- India’s Prime Minister, Narendra Modi, expressed his support for central bank digital currencies (CBDCs).
- He believes they will help the economy in the next few years.
- The e-rupee, according to Prime Minister Narendra Modi, will modernize India’s fintech network and improve the economy.
India’s Prime Minister spoke on central bank digital currencies and the benefits they could give to the country’s monetary network during his most recent speech.
Nirmala Sitharaman, India’s Finance Minister, announced earlier this week that the central bank will launch its CBDC in the coming fiscal year (running between April 1 and March 31). The politician, like Modi, expects the product to provide the local monetary system a “significant boost.”
According to PM Modi, the digital rupee will make internet payments safer and speedier. Furthermore, they have the potential to transform the fintech sector by creating new opportunities and improving the global economy:
“This will also make the development of global digital payment systems easier.”
Locals would be able to swap the CBDC for cash because it will be the digital equivalent of India’s national currency, according to PM Modi. The Reserve Bank of India would also keep a close eye on it.
One of the reasons why India’s political leader supports CBDCs is that they will be controlled, it is safe to assume.
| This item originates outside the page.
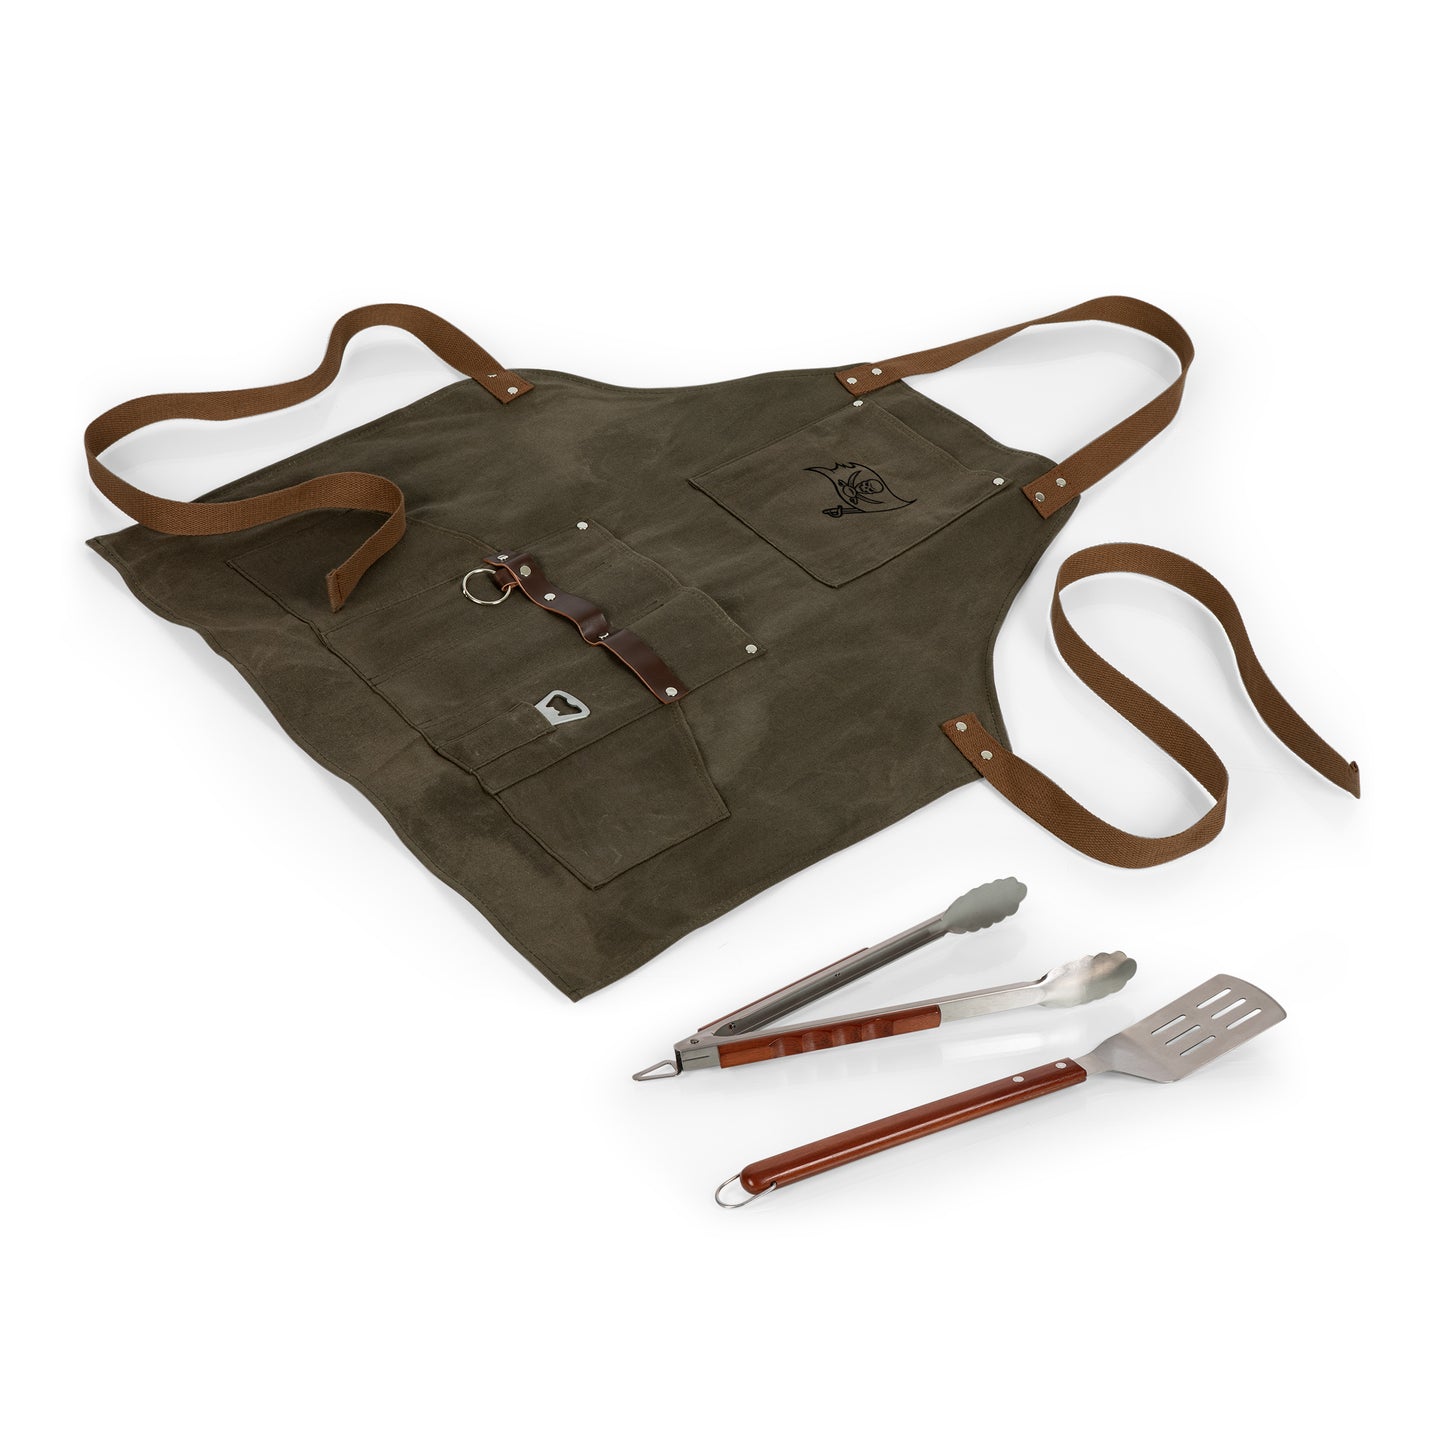 Tampa Bay Buccaneers - BBQ Apron with Tools & Bottle Opener

He recently urged for the formation of a global collaboration to place private cryptocurrencies under a comprehensive regulatory framework.
PM Modi was mostly concerned about bitcoin. Furthermore, the absence of laws may “spoil” future generations. Last month, he reaffirmed his position on the subject, saying:
“Cryptocurrency is an illustration of the types of issues we face as a global family in the face of a shifting global order.” To combat this, every nation and global agency must take coordinated and coordinated action.”
Conversing at the BJP’s ‘Atmanirbha Arthavyavastha’ (self-reliant economy) symposium, he claimed the central bank’s digital currency, or digital rupee, will make online payments more secure and risk-free, as well as enhance the digital economy in the coming years.